Choosing the Right Mining Consultant

The task of choosing a mining consultant can be challenging if you don’t have experience navigating the selection process. Frequently, the management at a mine site chooses a consultant based on price as the primary determining factor. Naturally, price is always an important consideration, but it’s also the easiest to quantify. However, it’s not a predictor of the success of the consultant’s work. Too often, the selection of a mining consultant should be driven more by the expected quality of the product and less by the cost to deliver it.

Cost as a factor

Due to corporate purchasing policies, when selecting a consultant, the cost estimated to complete the work is often weighted heavily in the process. There are a few reasons for this. First, cost is a readily available number that is an objective, measurable data point. This adds necessary transparency to the selection process. Price points require little effort by the procurement team to compare and make a decision.

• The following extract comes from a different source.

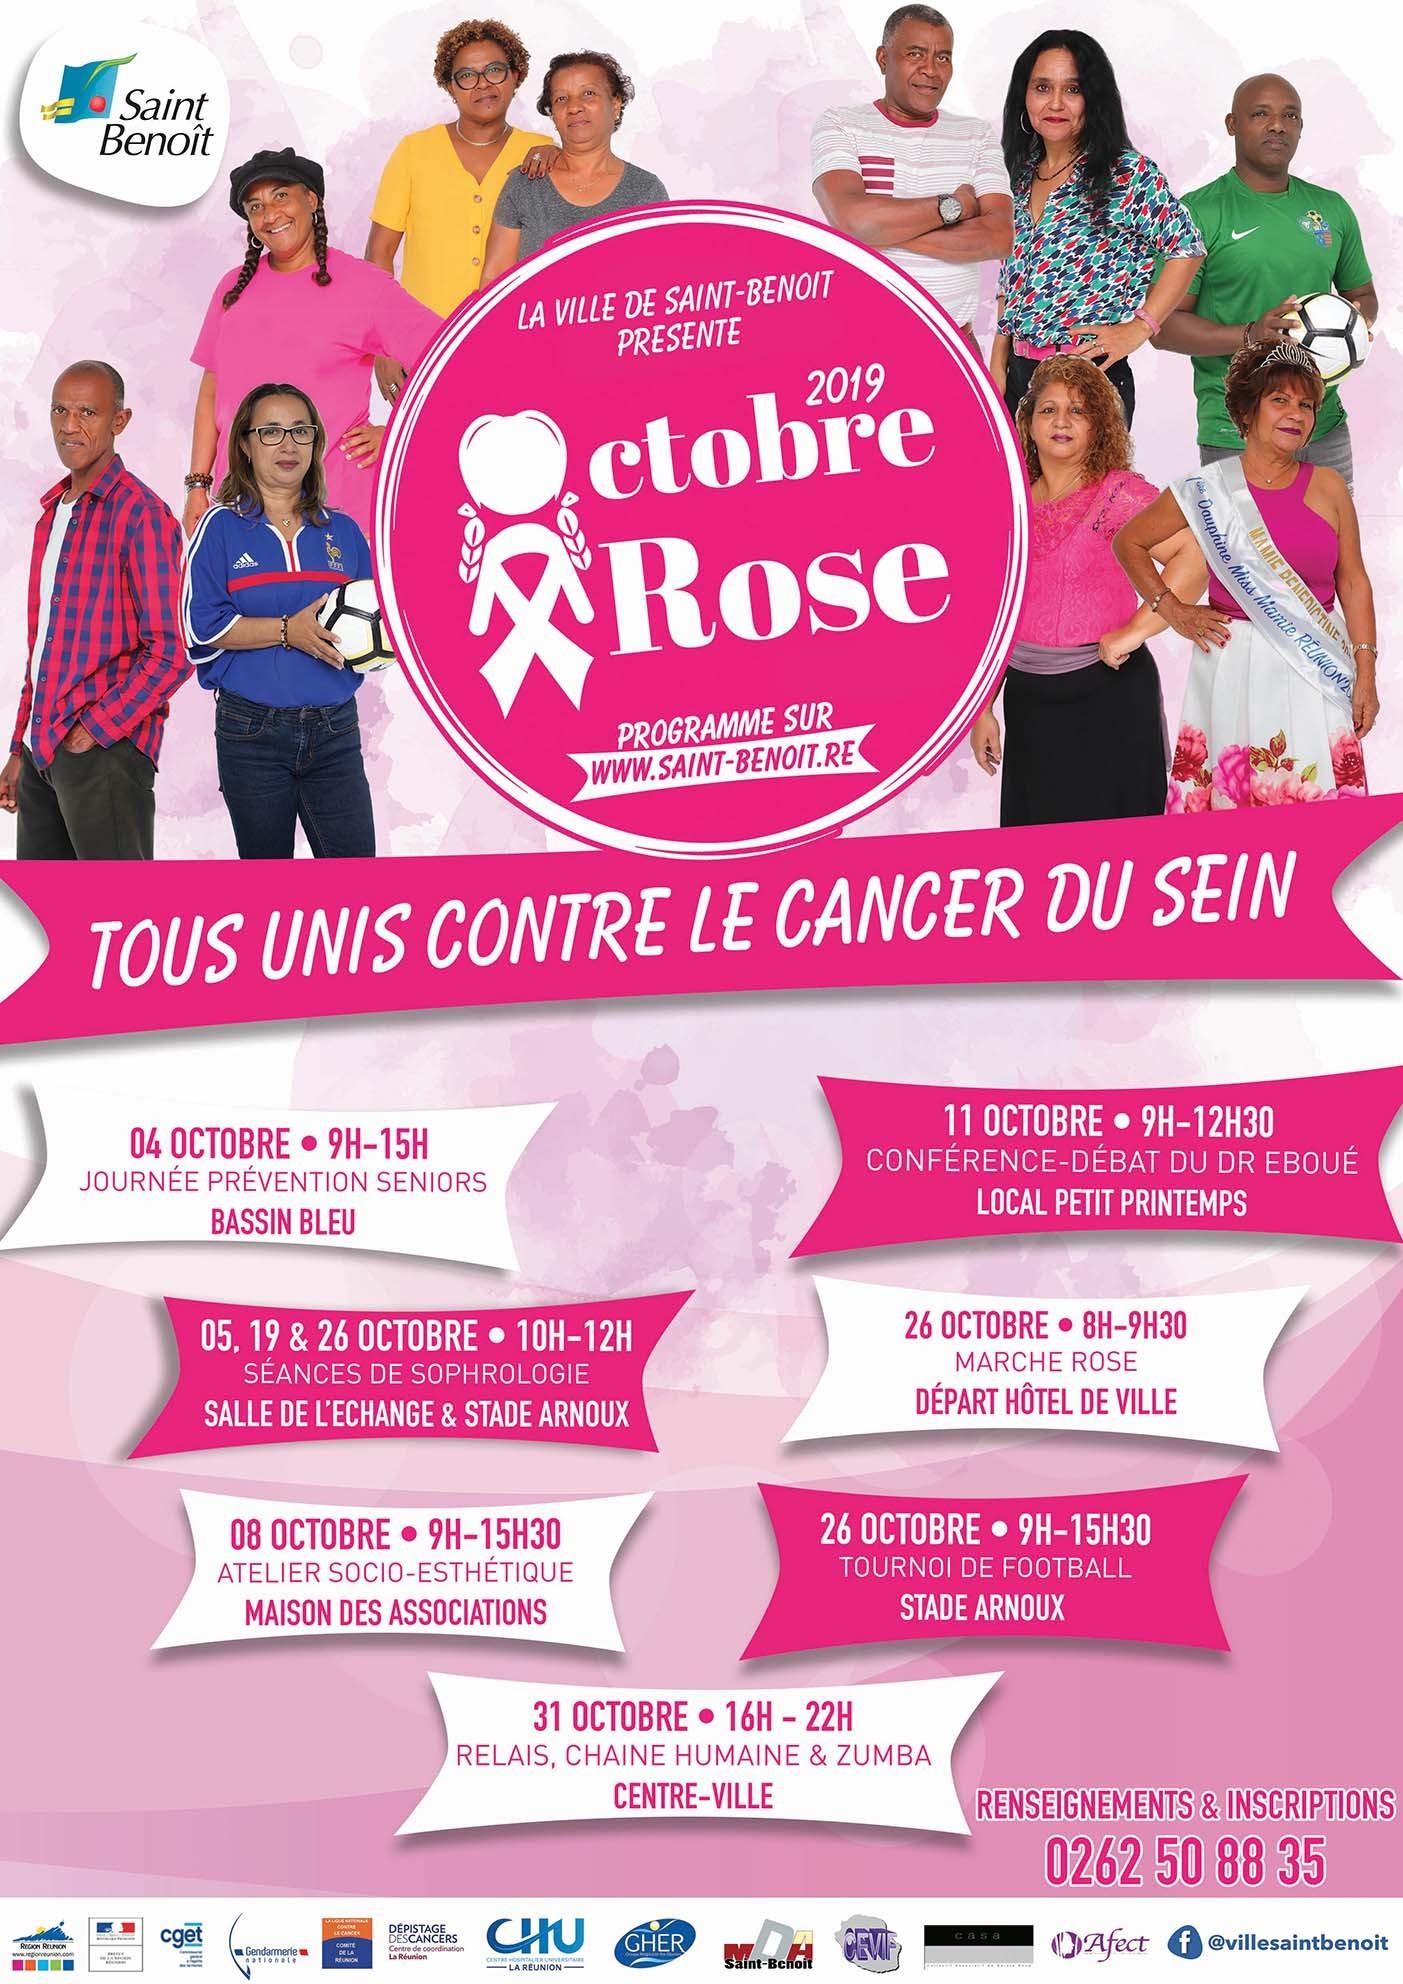 Octobre rose : un mois de mobilisation contre le cancer du sein !

If the assumption is that each consulting option will deliver the same quality of work, it’s an easy decision to minimize costs.

However, using minimizing costs as a motivator and choosing a price point as the sole determining factor to select a consultant can end up backfiring for many companies. The differences in the costs between consultants are usually marginal in comparison to the difference in value between the right and wrong consulting group.

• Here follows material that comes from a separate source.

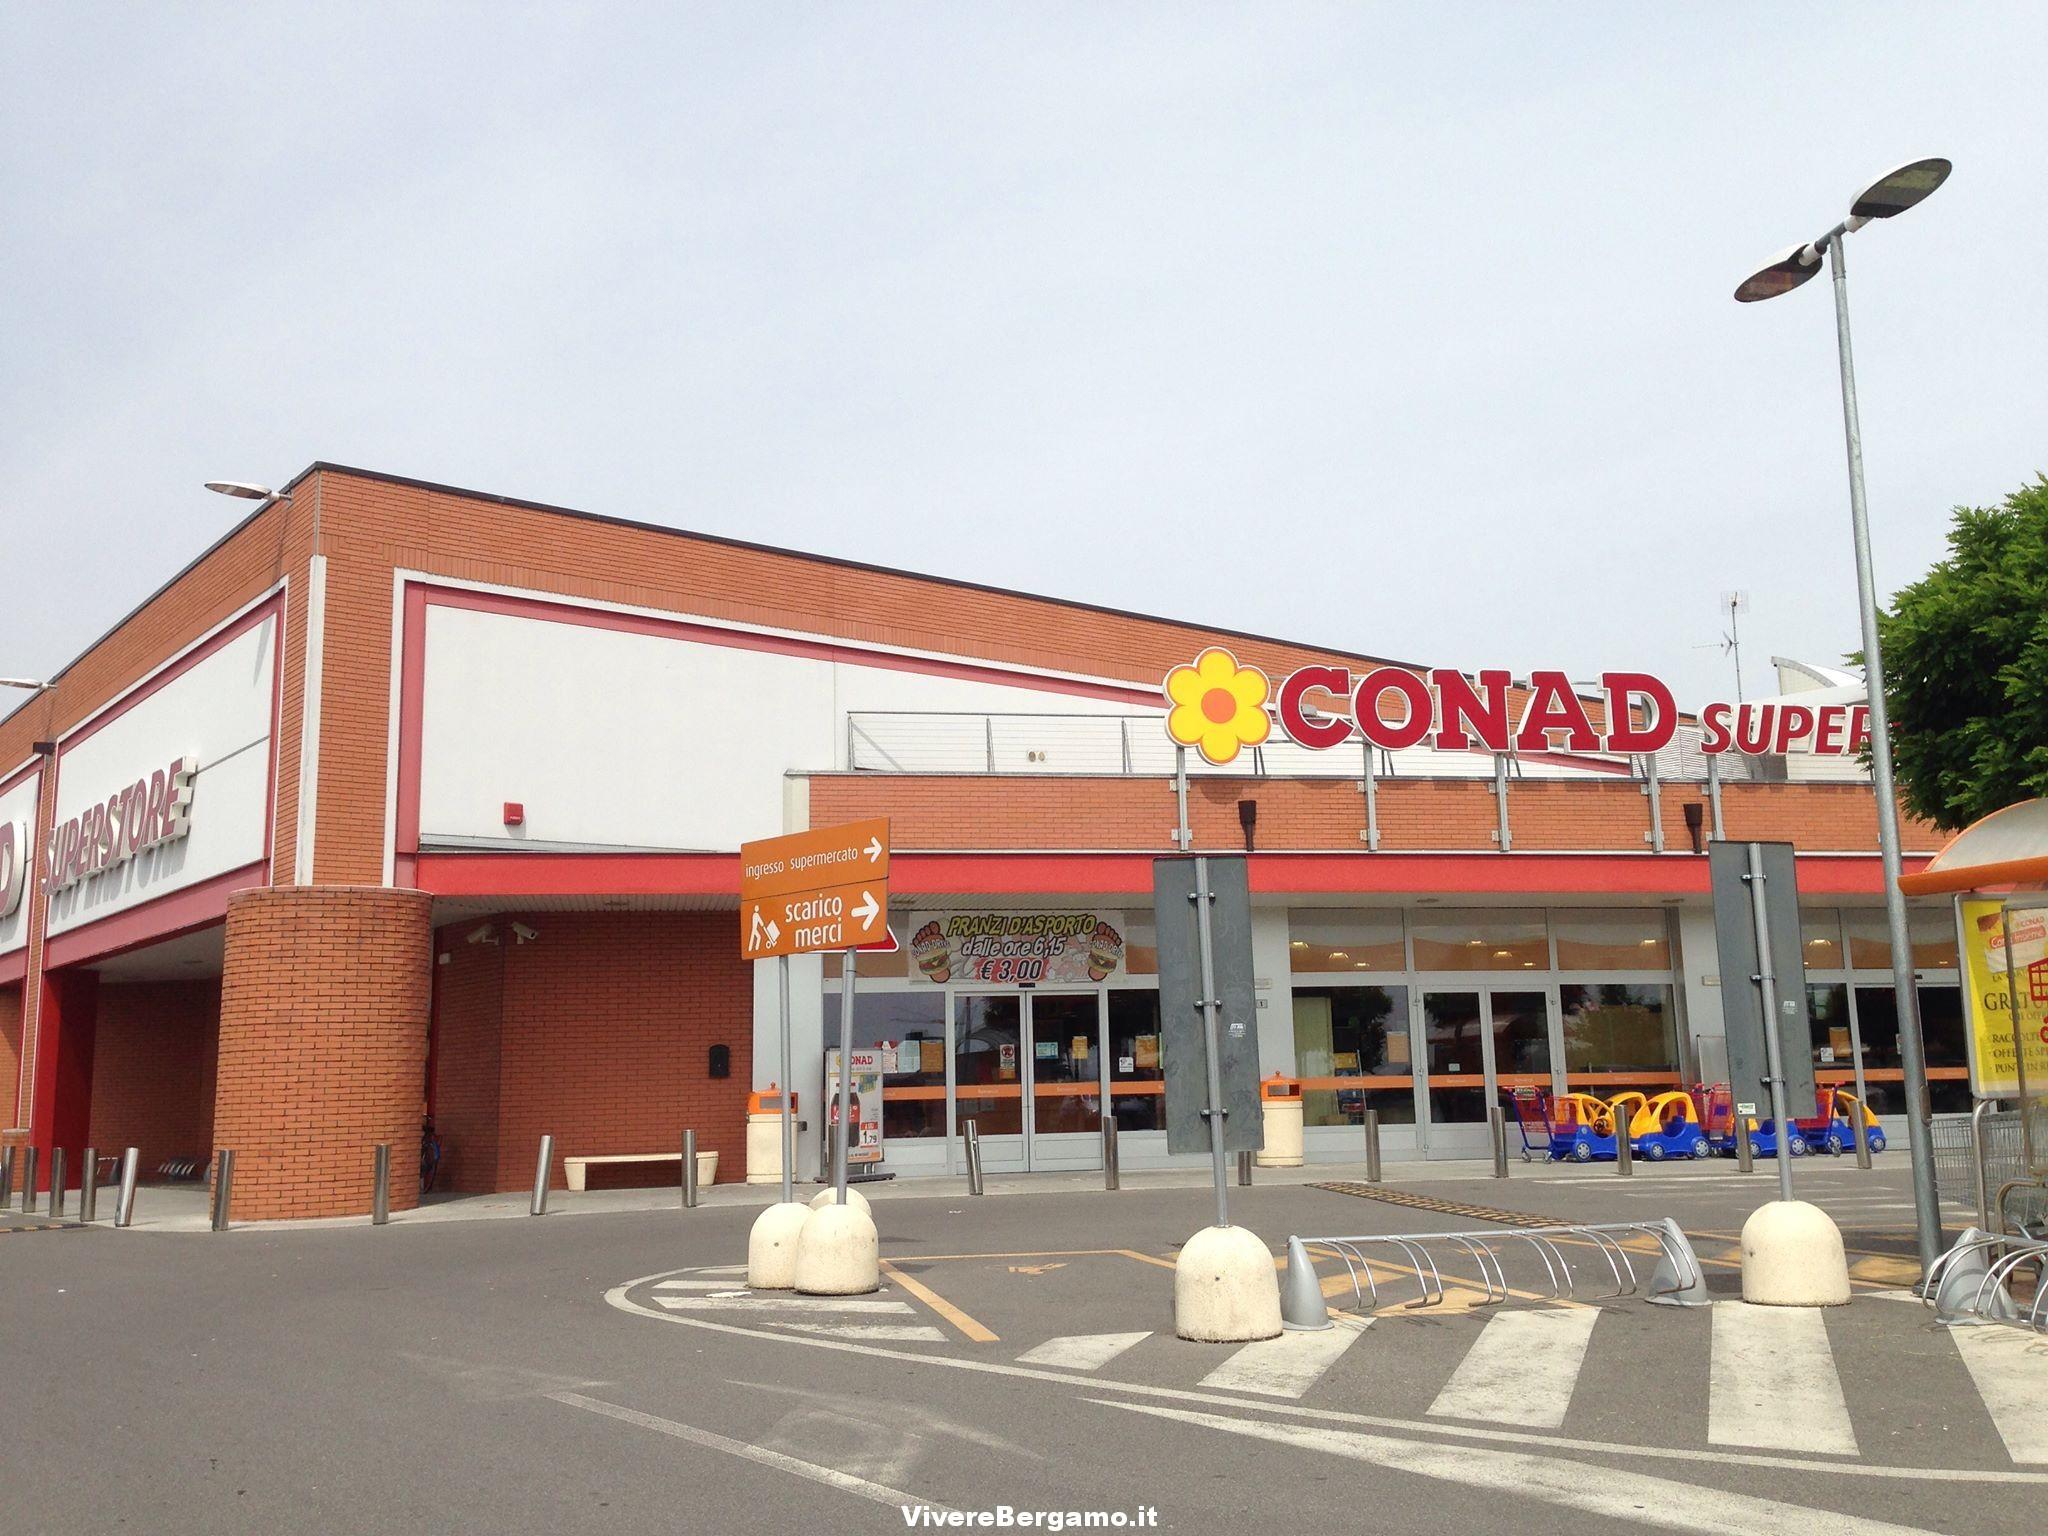 Conad superstore cologno al serio negozi bergamo for Negozi arredamento bergamo e provincia

Consider a site looking to increase the productivity of a load & haul fleet that costs $50M per year to operate. Each percentage point of improvement is a savings of $500,000. If you consider the likelihood of success of a specialized, experienced and perhaps more expensive group, the potential savings mitigate the cost differences between consultants.

Choosing the wrong consultant can often lead to higher costs in the long run as well. Aside from cleaning up a mediocre job, companies that hire the wrong consultant also find themselves ill-equipped to handle roadblocks that come about once the consultant has left. In the worst situations, companies find themselves in a position where money is wasted, resources have been exhausted, and no meaningful outcome was produced. They’ve missed an opportunity to find significant value in their operation.

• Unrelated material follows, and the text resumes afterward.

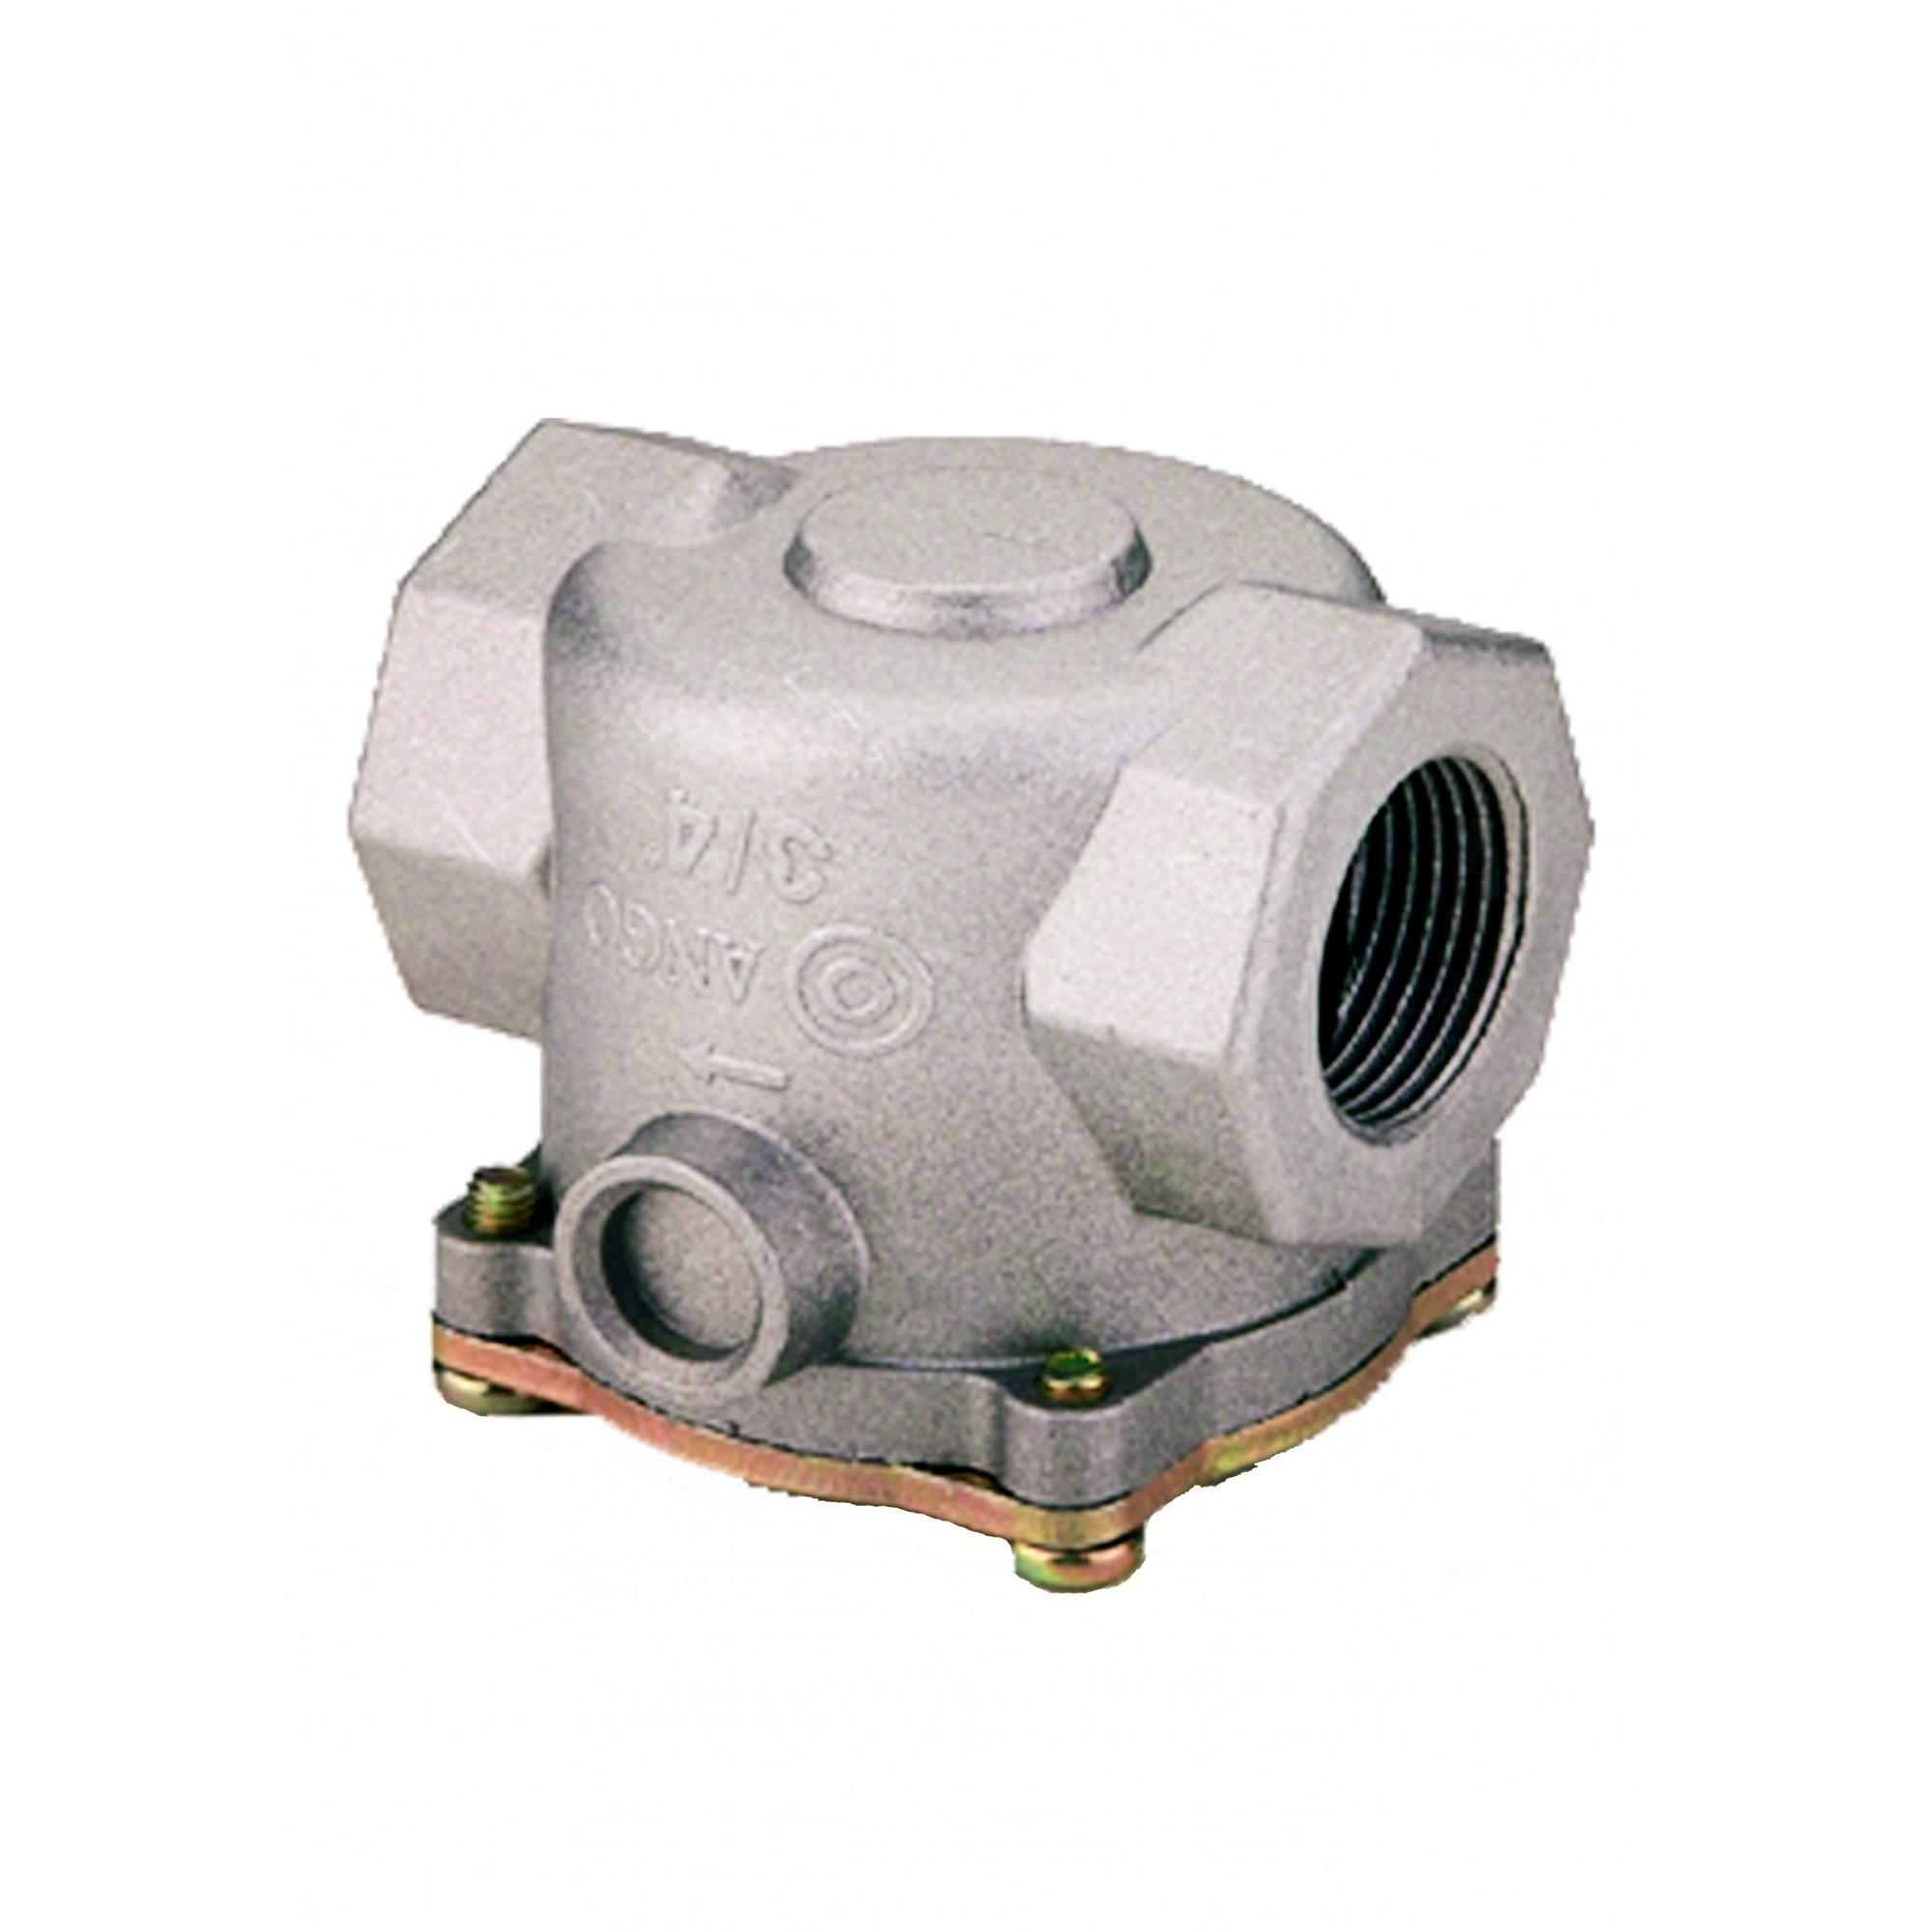 Фильтр газовый 1/2 ANGO алюминиевый ANGO - 1

How to choose the right consultant

How can you avoid making these mistakes? Start by taking more time upfront to understand each consultant’s general approach to problem-solving and how they would look at your particular issue. Ask questions to understand their culture and values and how they will fit with yours.

When you hire a consultant based on the person rather than the cost, there is a greater potential for a partnership that adds value. This partnership will result in better alignment, improved communication and collaboration, and ultimately, better solutions.

Here are some questions to consider as you navigate the process of hiring a consultant:

  • Does the consultant’s vision for change align with yours?
  • Does the consultant’s approach to problem-solving align with your organization? Are they systematic and methodical, which may take more time to work through, or do they take an approach that results in a faster solution but use a less robust process?
  • Does the structure of the consulting organization align with your team’s structure?
  • Does the consultant have the specific experience and knowledge needed for the particular problem you are looking to solve?
  • These questions are focused on choosing a person and value. Choices based on cultural fit, vision match, approach to problem and relevant experience result in far better outcomes for the client.